It proposes different units of measure, seemingly with little advantage
and with some major problems.

Hereafter lines beginning with ": " are as received from Dave Raggett.
Others are my critique. The original notes had a detailed comparison of
what had been proposed at the IETF meeting, and what had been the original
table model from the draft HTML3.0-dtd.

:
: From hplb.hpl.hp.com!dsr@ileaf.prospect.com Fri Apr 21 13:24:15 1995
: To: bingham@amos.HQ.Ileaf.COM (Harvey Bingham)
: Cc: dsr@w3.org, montulli@netscape.com, html-wg@oclc.org, tables@sgmlopen.org
: Subject: Re: IETF HTML/CALS/ICADD table proposal notes, 5Apr95
: In-Reply-To: Your message of "Fri, 14 Apr 95 16:56:23 EDT."
: <9504142056.AA09056@amos.HQ.Ileaf.COM>
: From: "Dave Raggett" <dsr@hplb.hpl.hp.com>
:
:
: In replying to this message, please Cc me directly so that I can
: filter replies from the mountain of email I am currently burdened with.
:
: Thanks Harvey, for sending me your summary of the tables and html3
: meeting at Danvers. I have now had time to reflect on the ideas
: put forward at that meeting and would like to bounce a proposal off
: you and the rest of the SGML Open table group and the HTML working group
: for a model that I believe satifies the needs for importing CALS tables,
satisfies
: is directly compatible with Netscape 1.1, and simplifies control of table
: style.
:
: The down side, is that formally, <table border> is illegal as such.
: One possible way out of this mess might be:
:
: border (border|0|1|2|3|4|5|6|7|8|9|10) 0
:
: But this doesn't allow you to specify the units for the border width.
: I welcome discussion of the issue of how to specify border widths and
: also the widths of columns. For instance should we allow floating
: point numbers; should we allow pt for points etc. or should we aim
: for an enumerated set of border widths that is implementation dependent?
:
I have sent separate comments on units: basically agreeing with Terry
Allen. I believe we need points (pt) and for convenience should have inch
(in) and millimeter (mm) measures as well.

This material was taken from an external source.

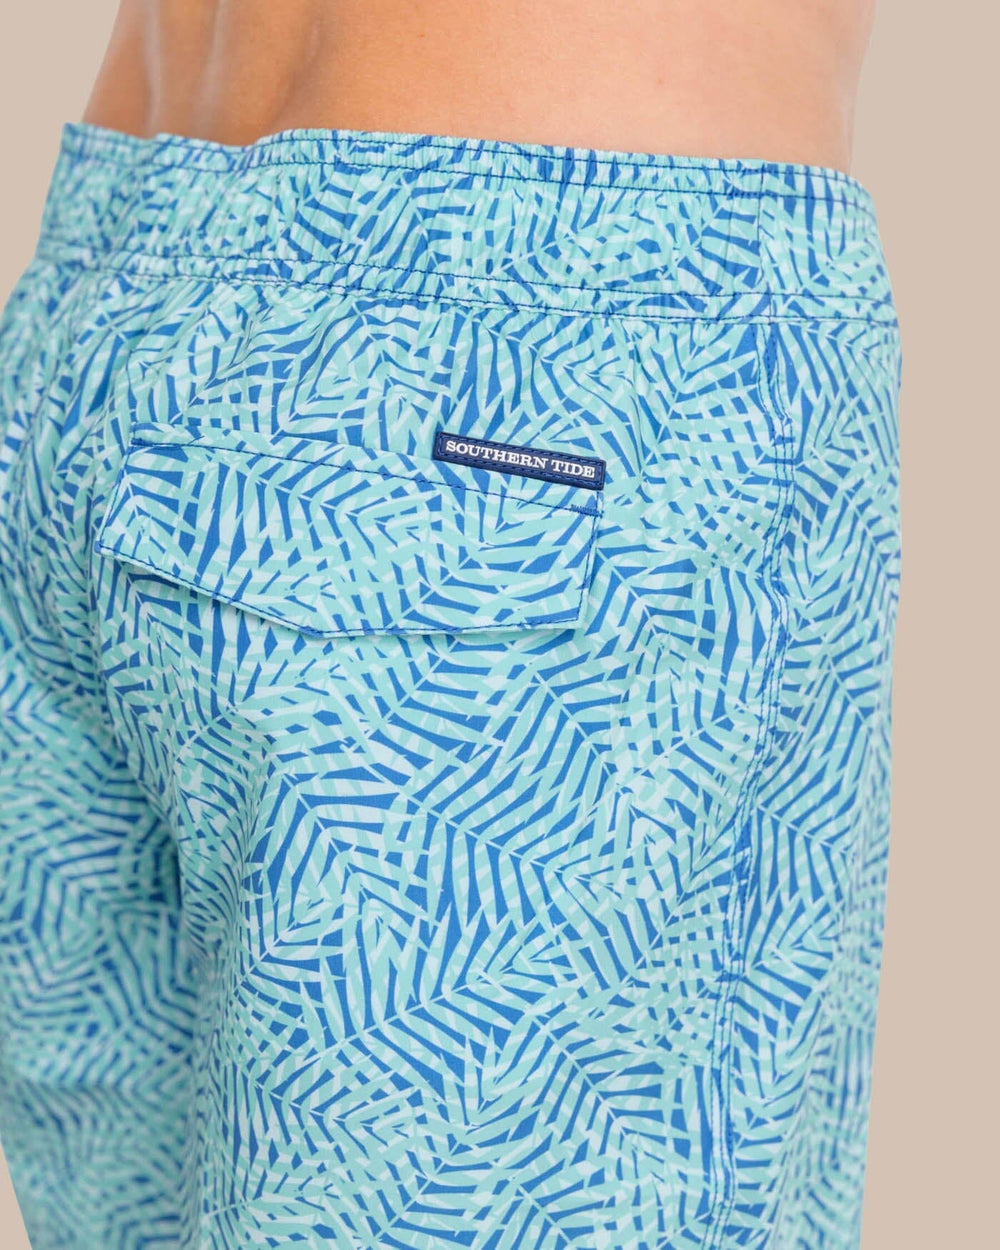 The detail view of the Southern Tide Vibin' Palm Printed Swim Short by Southern Tide - Atlantic Blue

We can allow proper decimal representation (not general floating point
scientific notation such as 1.2E3) of the measure, to which a unit is attached.

I'd eliminate pixel, a measure that is device dependent, in an otherwise
device-independent interchange of SGML information. Who knows what
the size or resolution of the requestor well enough to specify it at
the source? Would it need changing for each client?

I believe the use of "en" is inappropriate. "em" is the conventional
measure of a font pointsize, and might be justified on the basis of
recognizing some font and pointsize as the default, then such measure
is in terms of that default, which value presumably a user can change.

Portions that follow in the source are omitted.